Reaction conditions for Cn(Gm)n synthesis.
Conditions | Procedure 1 | Procedure 2 | Procedure 3 | Procedure 4 | Procedure 5 | Procedure 6 |
---|---|---|---|---|---|---|
GLYMO (mmol) | 4.4 | 1.1 | 2.3 | 1.1 | 1.1 | 8.9 |
Cyclen (mmol, eq) | 1.1, 0.26 | 4.8, 4.3 | 0.56, 0.25 | 1.2, 1.1 | 1.2, 1.1 | 9.7, 1.1 |
Al(OTf)3 (mmol) | – | – | – | 0.1 | 0.1 | – |
Solvent | 2:1 MeOH:H2O | Toluene | Toluene | CHCl3 | CHCl3 | CHCl3 |
Volume solvent (mL) | 23.8 | 7.5 | 10 | 2 | 2 | 16 |
Temperature (°C) | 20 (RT) | 110.6 (reflux) | 110.6 (reflux) | 20 (RT) | 20 (RT) | 20 (RT) |
Time (h) | 5 | 24 | 97.5 | 90 | 69 | 8–10 days |
Reference | [16] | [17] | [18] | – |
Incorporation of CnGmSiO2 into coatings
A two-pack epoxy was prepared by mixing a commercial hardener (Ancamine® 2459 Curing Agent; Air Products and Chemicals, Inc., PA, USA) and a commercial epoxy resin (Epikote™ 235; Resolution Performance Products, Columbus, OH, USA) in accordance with the manufacturer specifications: 0.563 g Ancamine® 2459/g Epikote™ 235. Immediately following manual mixing of the two components, one coat of the viscous, dark yellow epoxy resin was applied to a single side of a black vinyl chloride/acetate copolymer (black scrub test panel, Leneta). An inverted funnel was then used to add silica to a defined surface area of the still-uncured resin so that, at minimum, one layer of silica covered the resin. The coating was allowed to cure at room temperature overnight, and, the following day, the procedure was repeated for the second side. After allowing the second side to cure at room temperature overnight, the silica/epoxy (SiO2/epx)-type samples were brushed, washed with water, and dried with compressed air, and squares (23 mm × 23 mm) coated on both sides were cut from the material. These squares were tested immediately for bacterial adherence. The four silica samples prepared for testing were as follows: 1) CnGmSiO2 (free ligand), 2) CnGmSiO2 + Cu(II) (post-loaded), 3) Cu(II)-CnGmSiO2 (pre-loaded), and 4) unfunctionalised SiO2. To post-load CnGmSiO2, the squares coated on both sides with CnGmSiO2 were submerged in an aqueous solution of an excess of Cu(NO3)2 (50 mM; 16.5 mL) for 24 h, washed with water, dried with compressed air, and tested immediately for bacterial adherence.

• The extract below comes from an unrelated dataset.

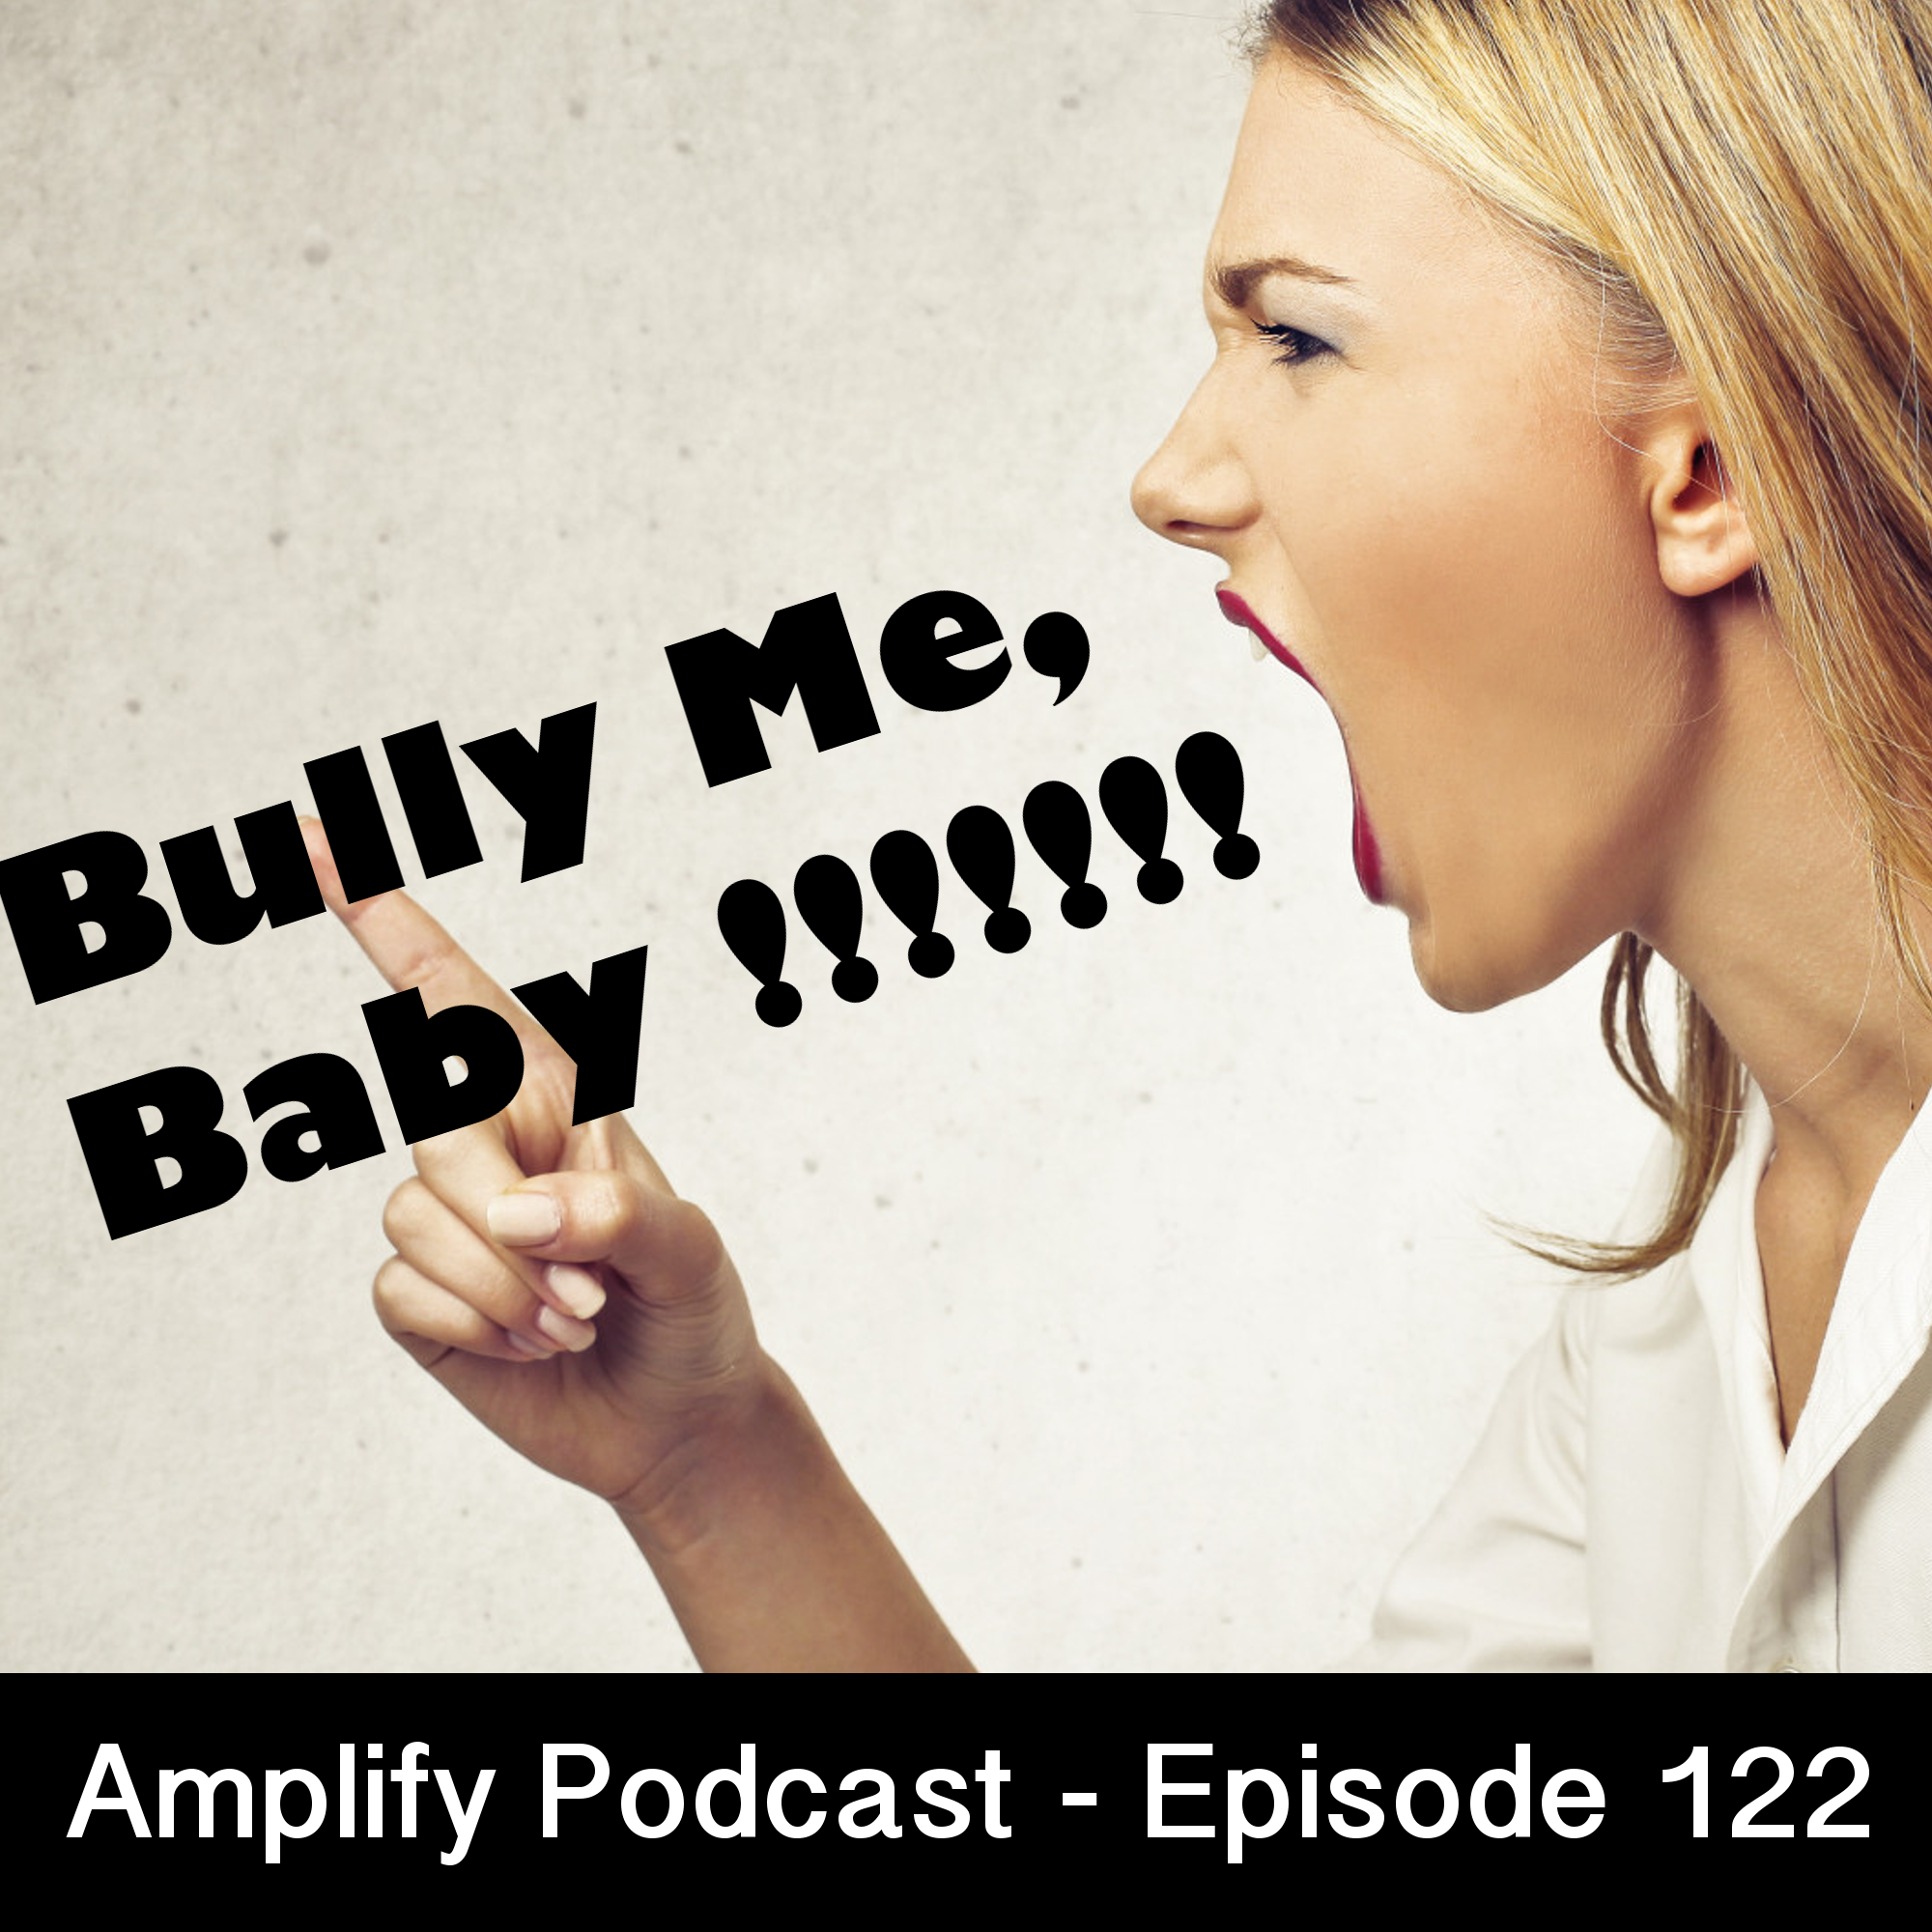 Bully Me, Baby!!!

Images and the elemental composition of the SiO2/epx-type coatings were obtained by SEM-EDS.
Bacterial adherence assay
The ability of the coatings to deter the adherence of bacteria was assessed by determining the attachment of E. coli NZRM 3647. An uncoated sample square and sample squares coated with the commercial epoxy resin and marine paint were also tested. An overnight culture was prepared by inoculating nutrient broth (3 mL) with a colony of E. coli NZRM 3647 from a nutrient agar plate and incubating for 16 h at 37 °C with shaking. The squares were sterilised with UV light for 20 min per side in a laminar flow hood, and then each of the sterilised squares were submerged in overnight culture diluted with M63 minimal medium to OD600 0.05 (final volume 16.5 mL; 5 ± 2 (×107) CFU/mL). The diluted cultures were incubated 24 h at 37 °C without shaking. Following incubation, the OD600 of each culture was measured, and the squares were transferred to sterile saline (20 mL) for 5 min to remove planktonic bacteria. A pipet was used to rinse both sides of the squares with sterile saline (500 µL/side) before transferring the squares to tubes containing sterile solutions of 0.05 % v/v Tween 20 in saline (final volume 20.0401 mL). These solutions were vortexed 2 min at maximum speed and sonicated 8 s at 40 % amplitude to detach bacteria from the squares. Serial dilutions (10×) of the solutions were performed to count colonies by the drop plate method. The experiment was independently repeated three times.
Measurement of copper leaching
The concentrations of copper leachate from CnGmSiO2 + Cu(II)/epx, Cu(II)-CnGmSiO2/epx, and the marine paint were determined by incubating the test squares in M63 minimal medium statically for 24 h at 37 °C. This experiment was conducted with and without E. coli in order to determine if the presence of bacteria affected copper-leaching. After 24 h incubation of the samples with E. coli, each culture was filter-sterilised and centrifuged, and the supernatant was isolated for analysis. All solutions were diluted, as needed, with dilute nitric acid for copper quantification by ICP-MS.
Results and discussion
Polyacylhydrazone and simple acylhydrazones
We previously synthesised a water-soluble polyacylhydrazone from dilevulinoyl diethylene glycol (DiLevDEG) and adipic acid dihydrazide (ADH) and incorporated it as part of the resin into a commercially available acrylic paint [12]. For the present study, we postulated that the acylhydrazone functionality of DiLevDEG/ADH had the potential to coordinate Cu(II) in a five-membered chelate ring by bidentate coordination through the carbonyl oxygen and azomethinic nitrogen atom (Fig. 1).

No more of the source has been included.